Fourth, limit points do not validate the continuum. The continuum hypothesis is independent of ZFC, but CH was not intended as an axiom.
We cannot assume that a definition forms a set (see proper classes) or that a set of definitions can be used together (ZFC |-> limits versus NF |-> randomness ??). We have to let go of the dogma that a single set of axioms captures all mathematical concepts. Mathematicians calculate, prove, and model, but modeling is not a deductive process. A system cannot prove its own consistency, so we make it a subsystem by adding an axiom. So long as we use deductive reasoning to explore ideas, we will want to know that the rules we choose are consistent.
Let us recognize the asymmetry of deduction. All deductions, all proofs, and all computations each are semi-decidable inductive concepts. Every proof, deduction, and computation can be verified, but the lack there of cannot. Inductive concepts (as closures of deductive concepts) are computationally approximatizable (the computational complement of computational enumeration).
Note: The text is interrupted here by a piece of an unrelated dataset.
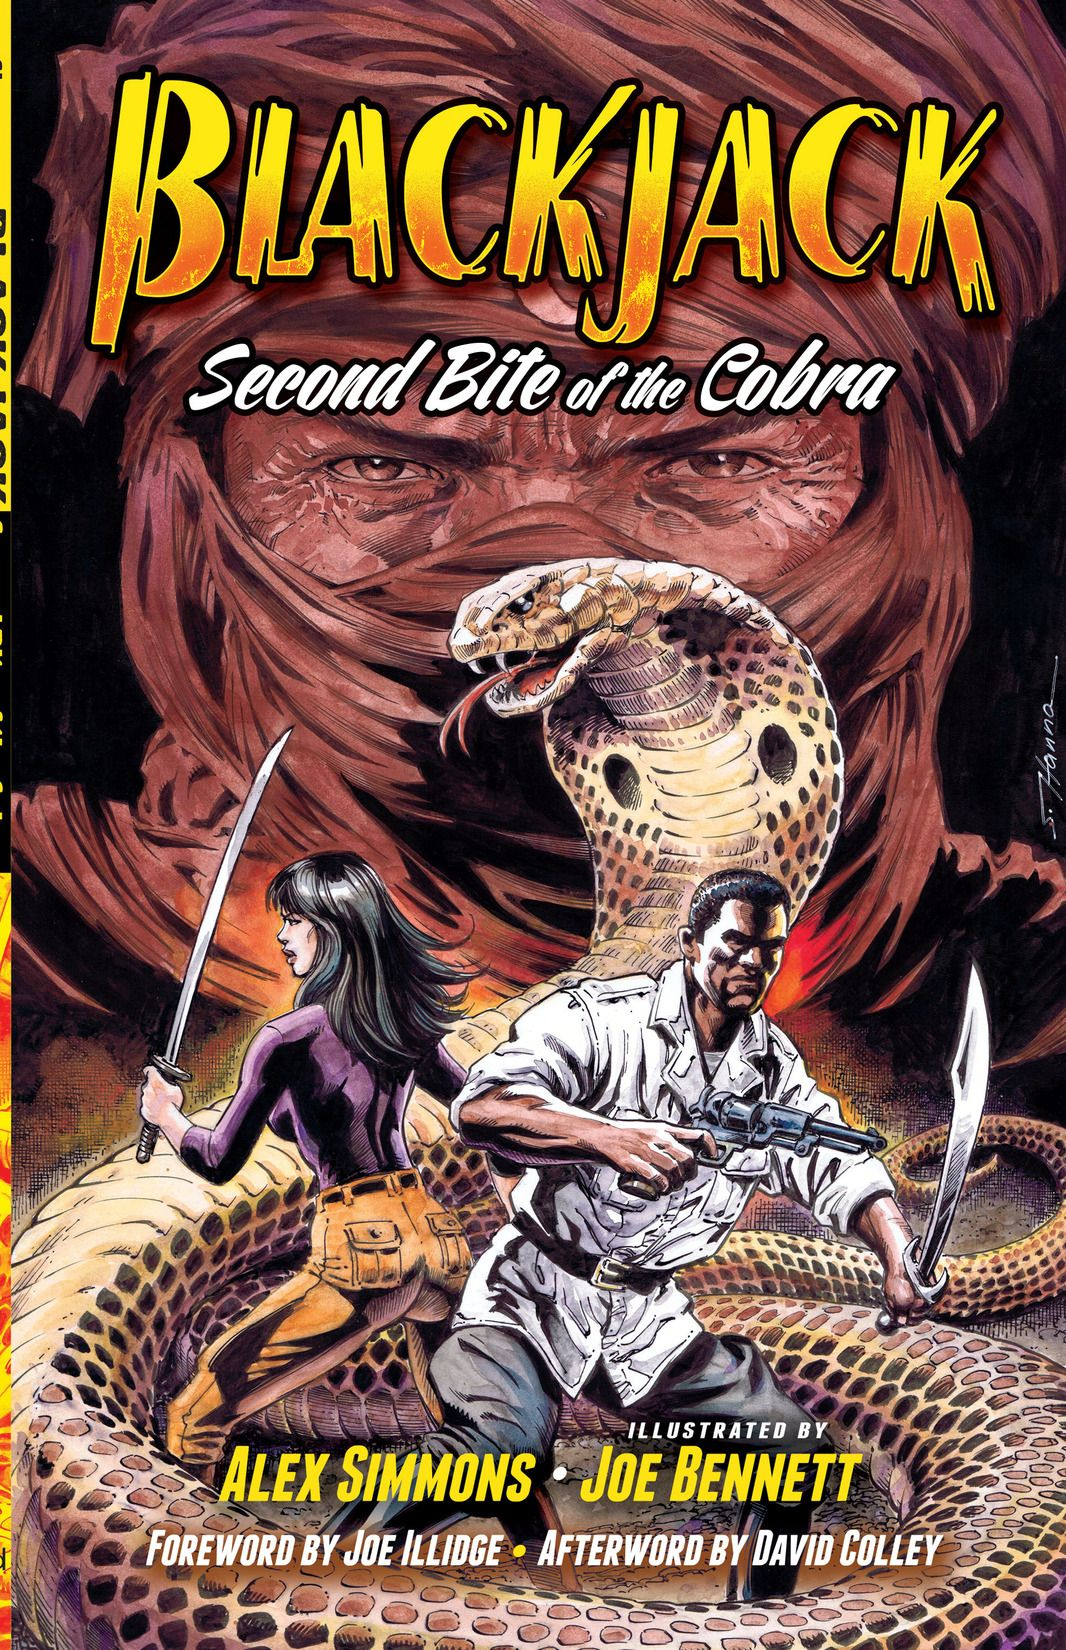 Review: Blackjack: Second Bite Of The Cobra
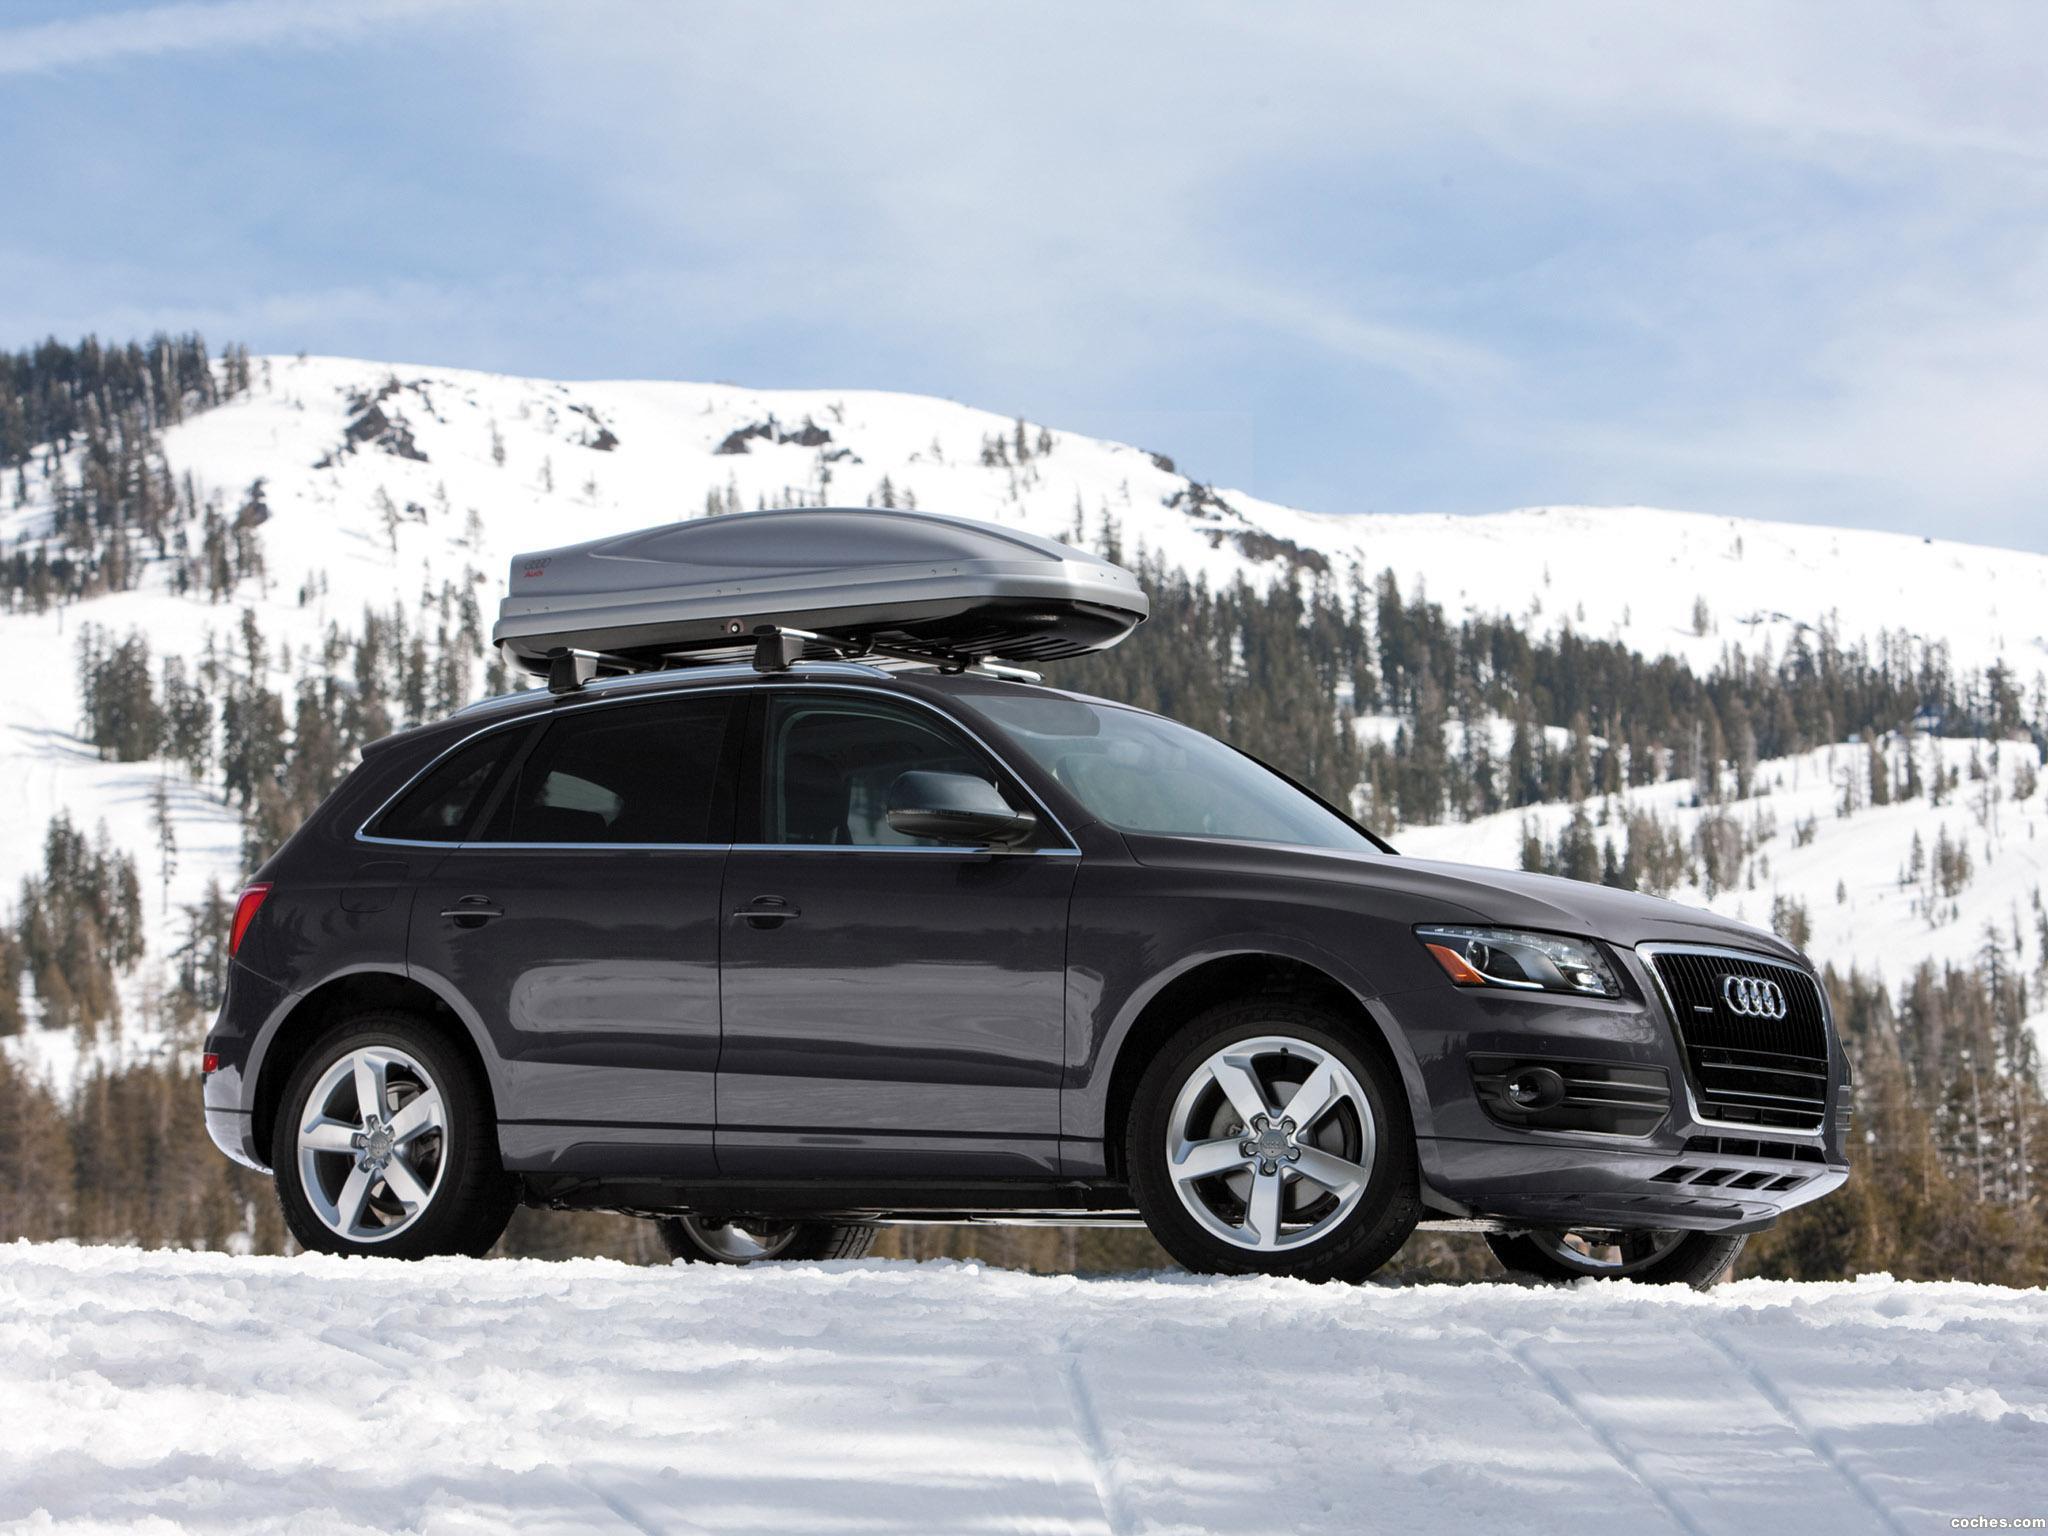 Foto 11 de Audi Q5 3.2 Quattro USA 2009

You might want more. I have grown old trying to reach out. I have yet to find anyone to talk to. I might not be able to fit in or give a satisfying explanation, but I can offer consolation. I offer a few suggestions.
A lot of effort goes into learning foundations (Set theory, First order logic, theory of computation). We should emphasize that definitions are usually contingent, so that we do not undermine formal methods.
We can introduce Topology as an abstraction of distance, which merges with the concept of connectedness. We can introduce to definition of Topological spaces alongside graphs for contrast. Pointless Topology can be introduced early.
I wonder if we could start abstract algebra with permutation groups. Emphasize group membership versus group action. Work upto Cayley’s theorem. Then the nuances of operations might be clearer and we would have an opportunity to introduce Universal algebra early.
Combinatorics may have many applications, but students might benefit to consider it in relation to computation / foundations. Where would Algebra be without groups and Analysis without nets?
We might discuss generalizing the notion of primeality to a minimal topological cover useing algebraic cycles. I thought that was interesting, but have never figured out where number therory fits into a four year curriculum.